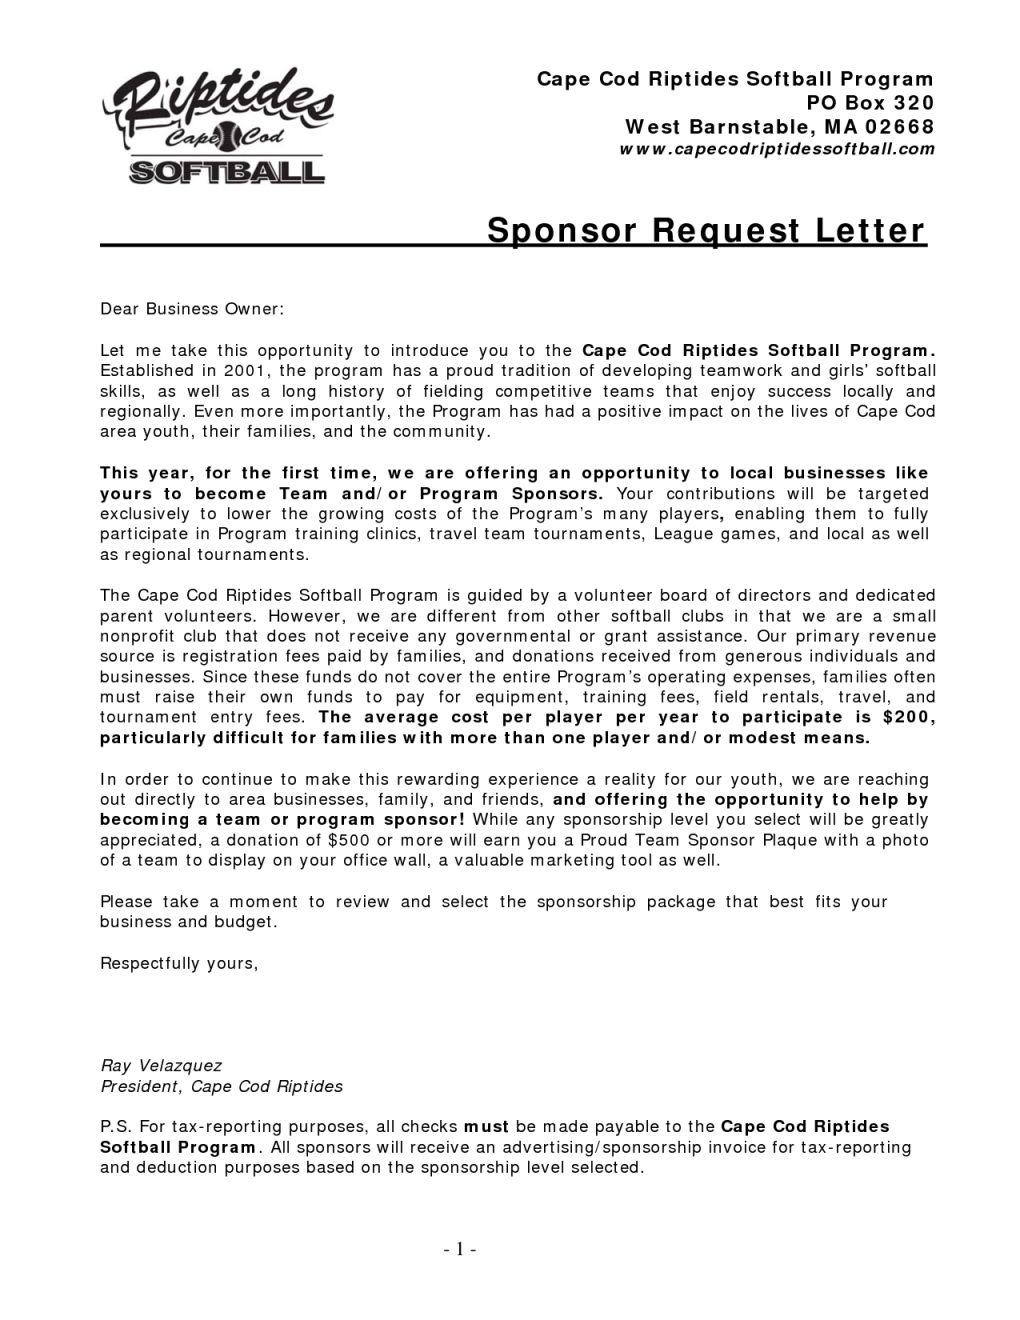 Baseball Sponsorship Letter Template - Well Liked Sample Sponsor Letter Yy55 – Documentaries for Change
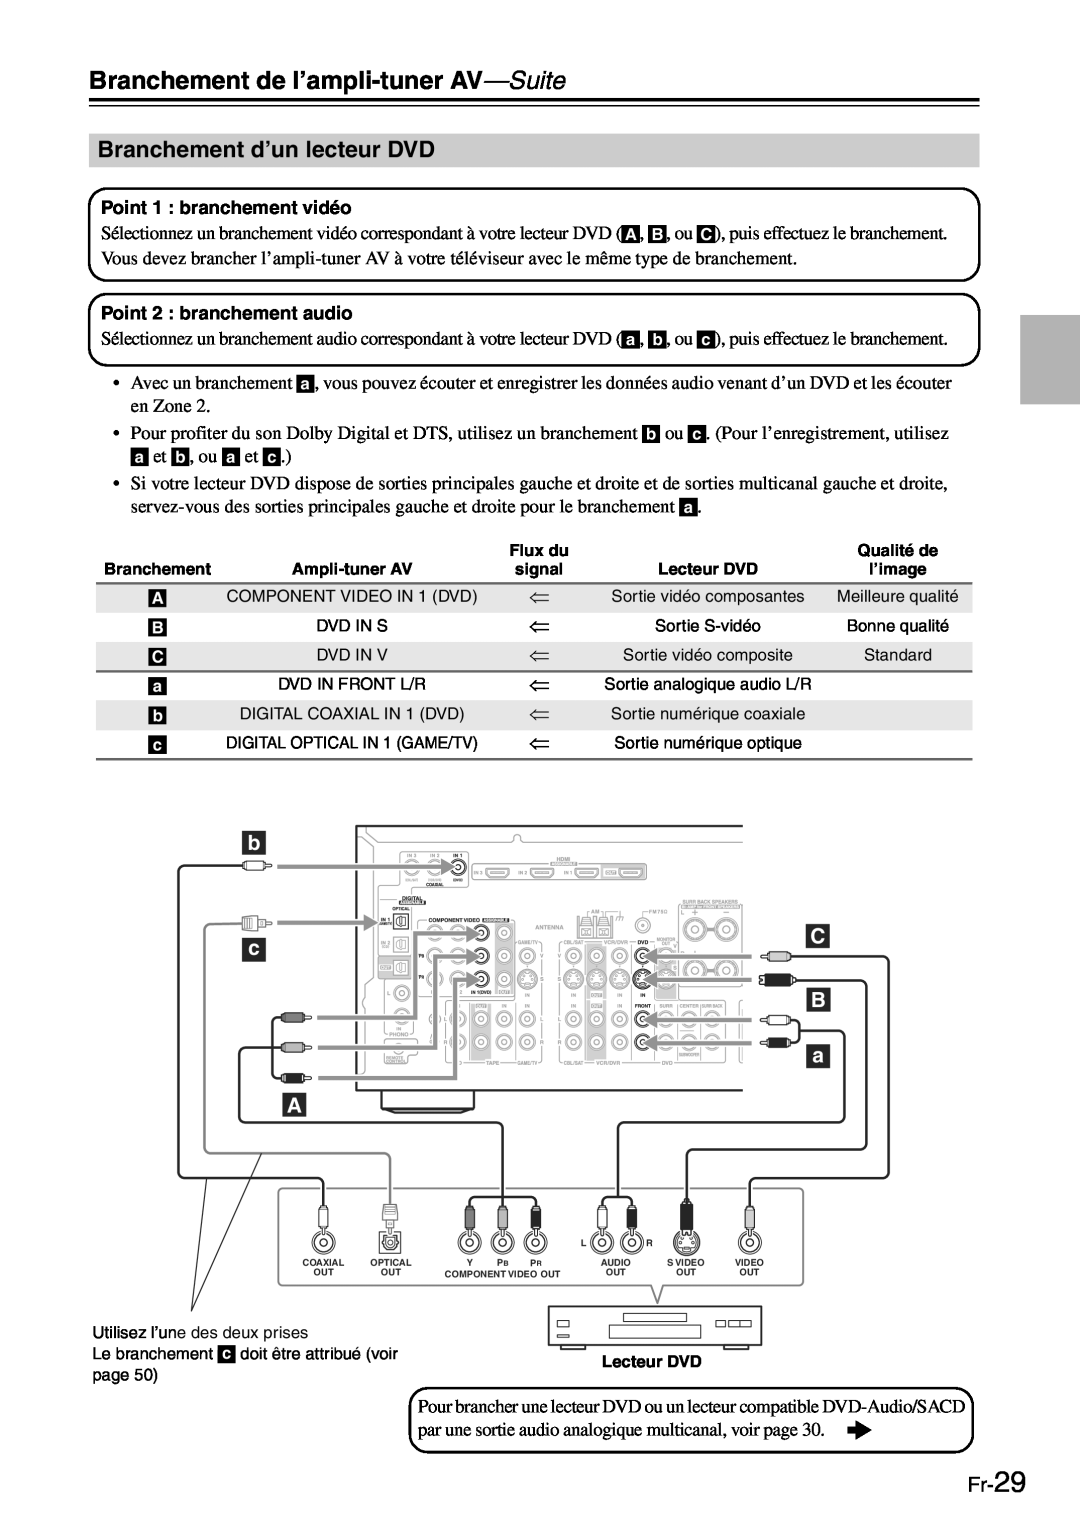 Onkyo TX-SR705 manual Branchement d’un lecteur DVD, Fr-29, Branchement de l’ampli-tuner AV—Suite 
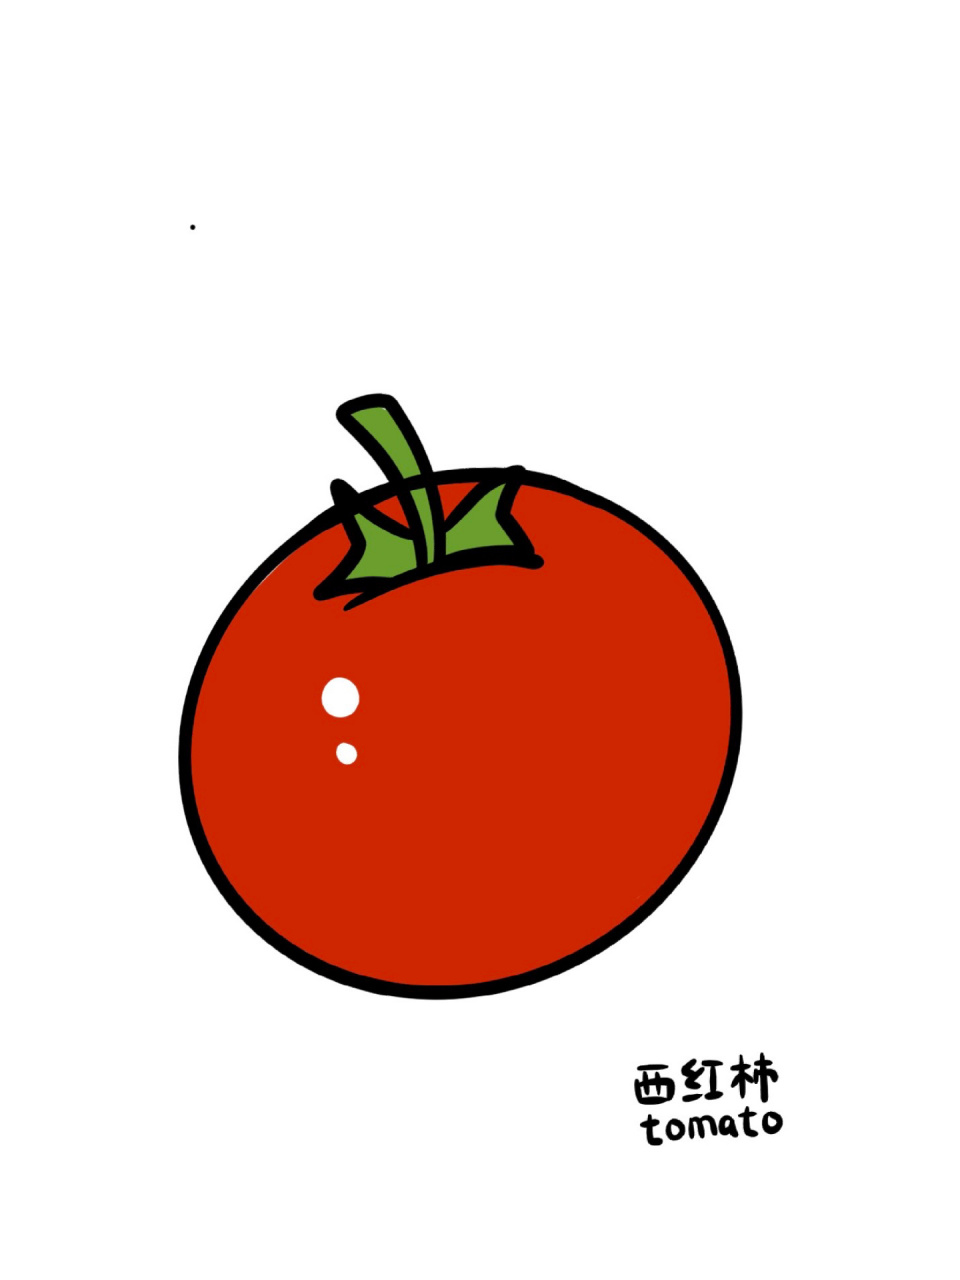 蔬菜植物系列9799简笔画:酸甜西红柿17 今日份打卡:酸酸甜甜的

TASK: Copy every line of the listing above exactly. Leave each picture out.

RESULT OF THIS TASK:
 Baseball Sponsorship Letter Template - Well Liked Sample Sponsor Letter Yy55 – Documentaries for Change
 Onkyo TX-SR705 manual Branchement d’un lecteur DVD, Fr-29, Branchement de l’ampli-tuner AV—Suite 
 蔬菜植物系列9799简笔画:酸甜西红柿17 今日份打卡:酸酸甜甜的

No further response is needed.